I had best start with myself.

bags beneath my eyes

Cleaning out a cupboard, I found a stash of plastic grocery bags. It has been a while since I got into the back of that cupboard, because these were from when the stores gave you a bag for free. I kept them so I could reuse them.

Except in this case, I hadn’t reused them. I’d stuffed them back into the back of my attention and forgot. Bags of bags.

What would I put in these bags? I thought the bags would have a use. But they took up space in my kitchen. Years ago, I stopped seeing them.

Sometimes bags hold things for me. Sometimes things hold onto me and accumulate.  Like bags under my eyes. Or bags in the back of the cupboards

When I discovered those bags I saw the truth of this choice I made and forgot. It limited my possibilities and cluttered my life.

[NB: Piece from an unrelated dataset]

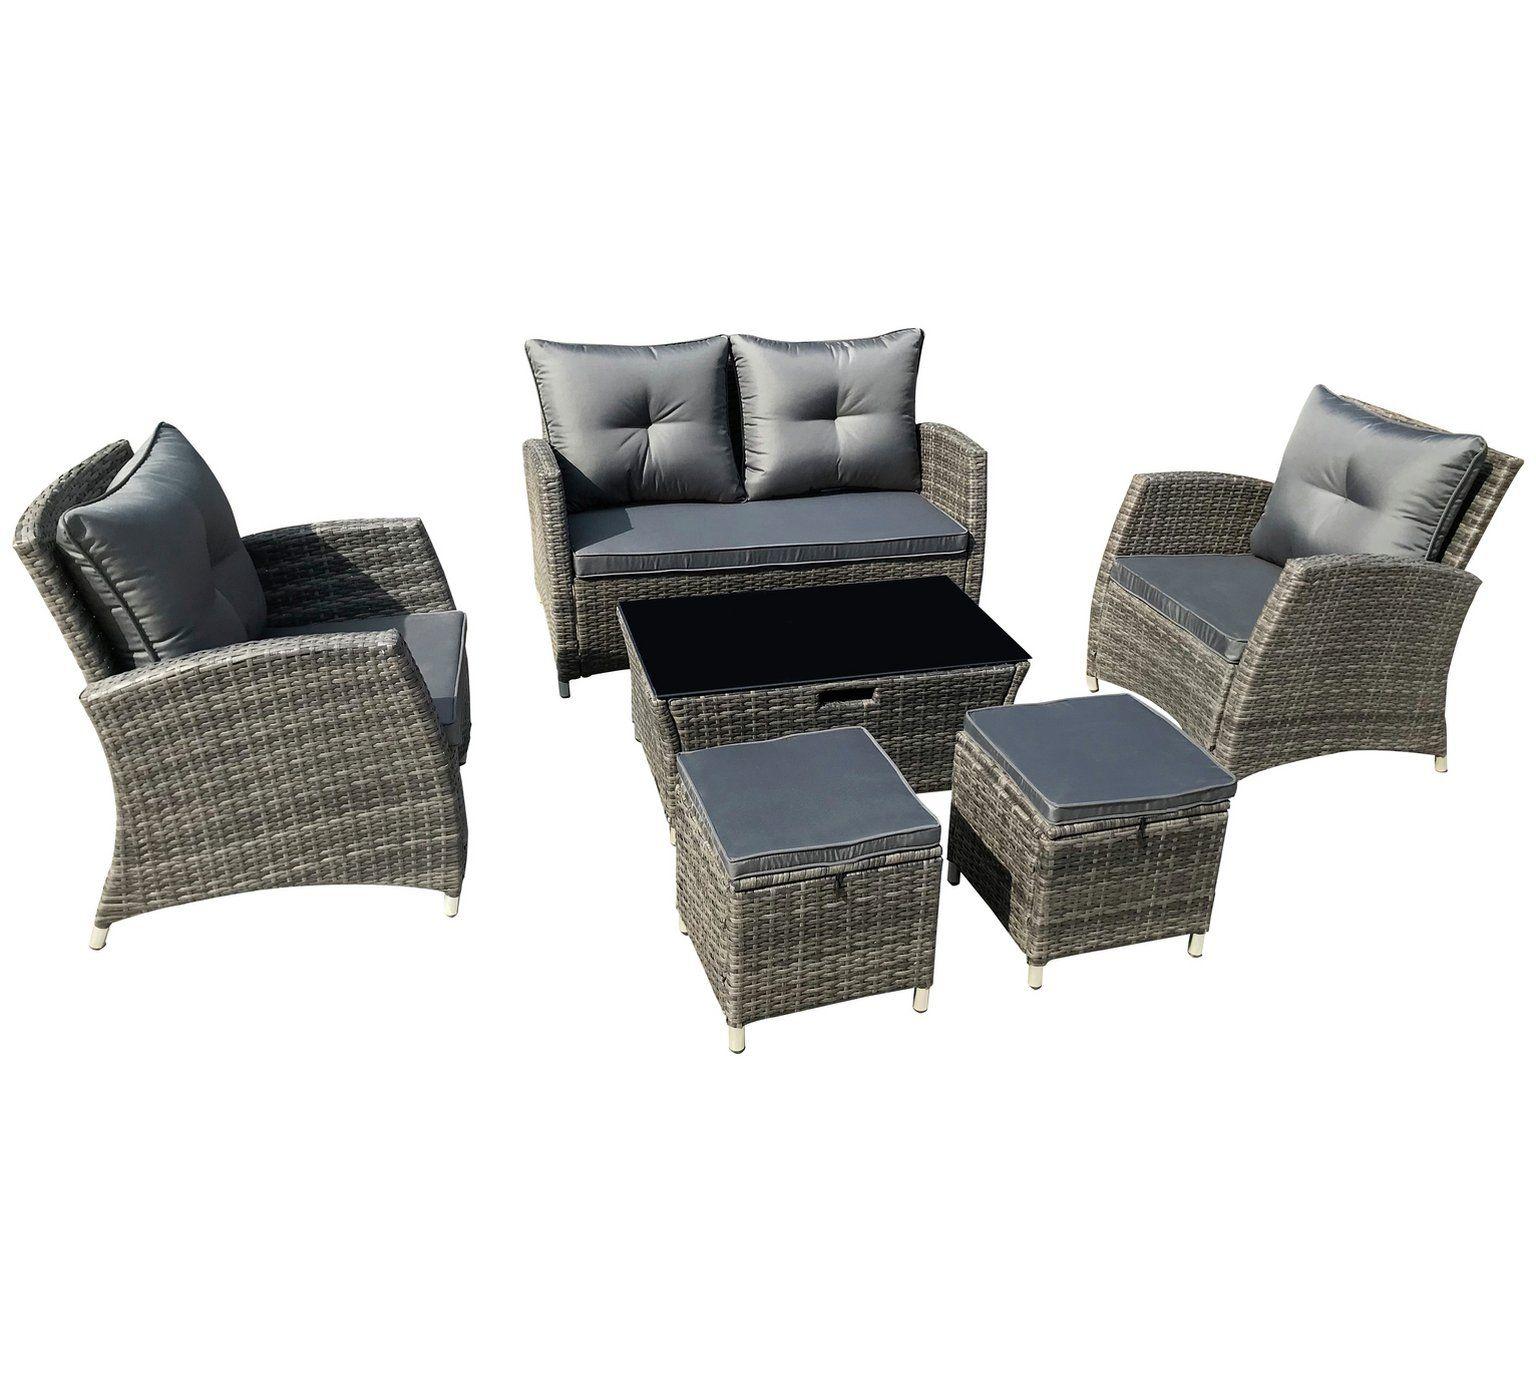 Home 6 Seater Rattan Effect Sofa Set Brown Sofa set

I made space and accepted these without a second thought.

If I asked myself what bothers me in my life or my environment, I have a fast response, and I could roll on the topic of things that need to be fixed or improved.  

It was appalling to suddenly see what I’d been tolerating for so long. Willful ignorance of the sneakiest kind. What else have I become intentionally blind about?

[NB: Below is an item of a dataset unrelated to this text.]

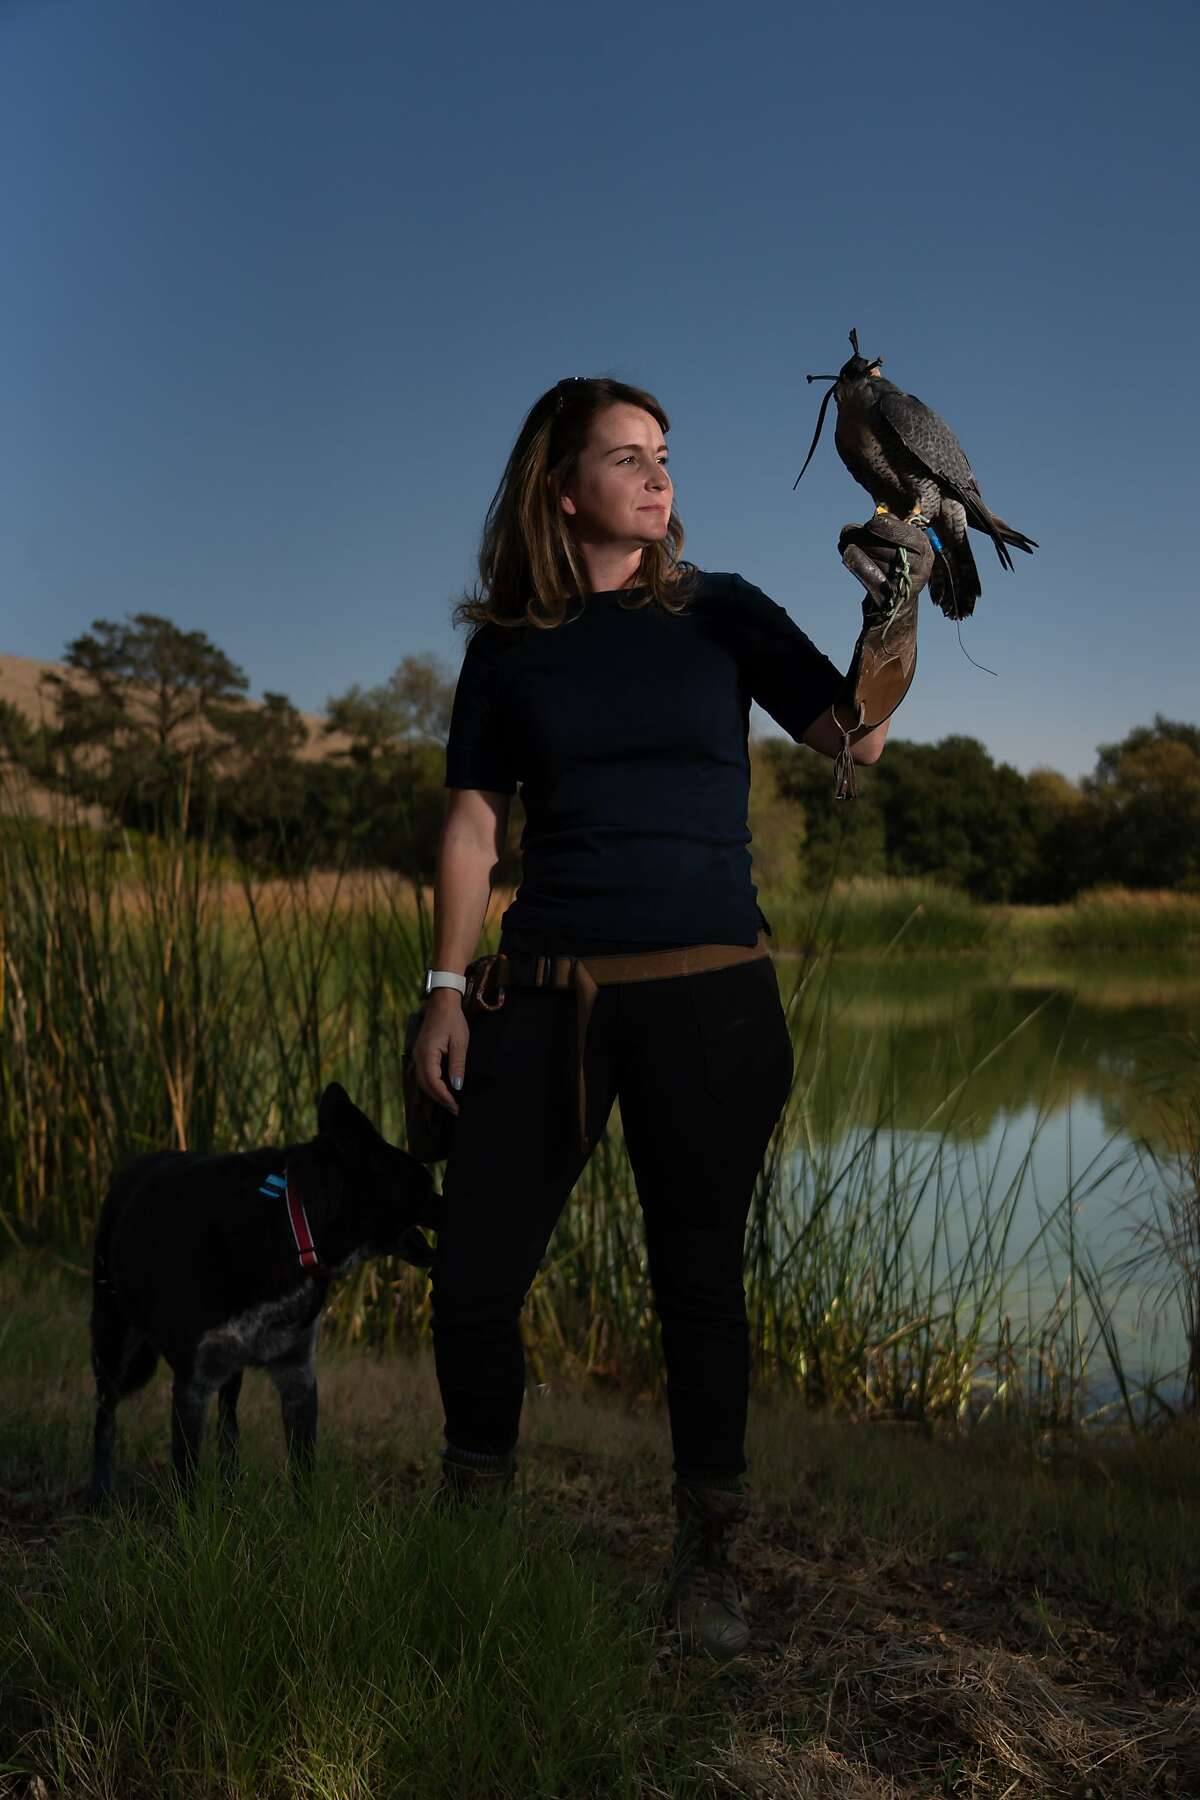 Rebecca Rosen holds Rambo, a peregrine falcon, on Saturday, Oct. 12, 2019, in Napa, Calif.

It’s a new year. I’m ready to ditch old habits for new ones. My cupboard full of bags of trash is a splash of cold water to my smug confidence. I need to check myself. 

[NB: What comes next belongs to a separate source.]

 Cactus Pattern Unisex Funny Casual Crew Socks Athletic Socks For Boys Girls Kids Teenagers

I’ve been coasting on a set of assumptions. Some of them are helpful. I’m just not sure which are and which aren’t. 

It’s never convenient to re-examine my behaviors. I’m just trying to go live my life. And I can go about my life in a straight line. I’ll step around that thing. Then jump over that gulch, duck to get under that overhang and get straight to it.

How easy it is to contort myself to keep it simple! I end up in absurd contradiction.

Like finding out I’ve got toilet paper stuck to my shoe. With humiliation, I wonder how many people have seen it. I do not resent the time it takes to fix it. I only wish I could have fixed it sooner

I want to get myself proper for the new year. 

So then what?

It was this time, a year ago, that i scheduled a mammogram

I didn’t expect that to take over my year.

I had to come to terms with the very serious and compelling news that I had breast cancer. That kind of information gets VIP treatment. Almost everything else comes second to this new priority.

I resent giving up my priorities in favor of something that’s pressed upon me. My priorities are my own.

Cancer though, is different. This is my LIFE I’m talking about, in the teeth of a very serious disease.

It’s not something to bargain with. Except it kind of is. I made this cancer journey–well, the medical treatments to fight cancer journey–my own.

I was not willing to lie back and take it. I had to find myself and express that I was strong and a fighter throughout it. I kept exercising, and tried to eat healthy things.

Eating was harder than I thought–30 pounds gained.

I am very close to being done with these treatments. Done with Chemo and halfway through radiation I will get a scan in January that should reveal that the cancer cannot be found in my body

ok. what then?

I have to recover from this fight…from the poisons I have put into my body to kill the disease. It hasn’t left me unscathed. I have lost my beautiful hair. It’s going to come back changed.

I am NOT willing to be weak and tired going forward. But it looks like I will be for a while longer.

How can I shorten that time?

Because i WANT that energy, that stamina, clarity and creative expression. Why did I go through this if not for that?

I want to redeem what i bought with the suffering. I want to SPEND my life on the very best life has to offer.

i need a plan. I need to turn from the easy and the cheap to the precious and valuable.

Taking the time to think about what I value and set away from the cheap will help me spend wisely.

As I bask in the wind-down of christmas, and the ramp-up into the new year my perspective has changed a lot. My faith is stronger, but humbler too.

I hadn’t realized what a small thing i am in the face of the cosmos. There is so much that is outside my control.

And still, of the things that are inside my control, there are so many actions I can choose to take. I am small but mighty, and I can choose to be persistent.

Persistance brings down any barrier.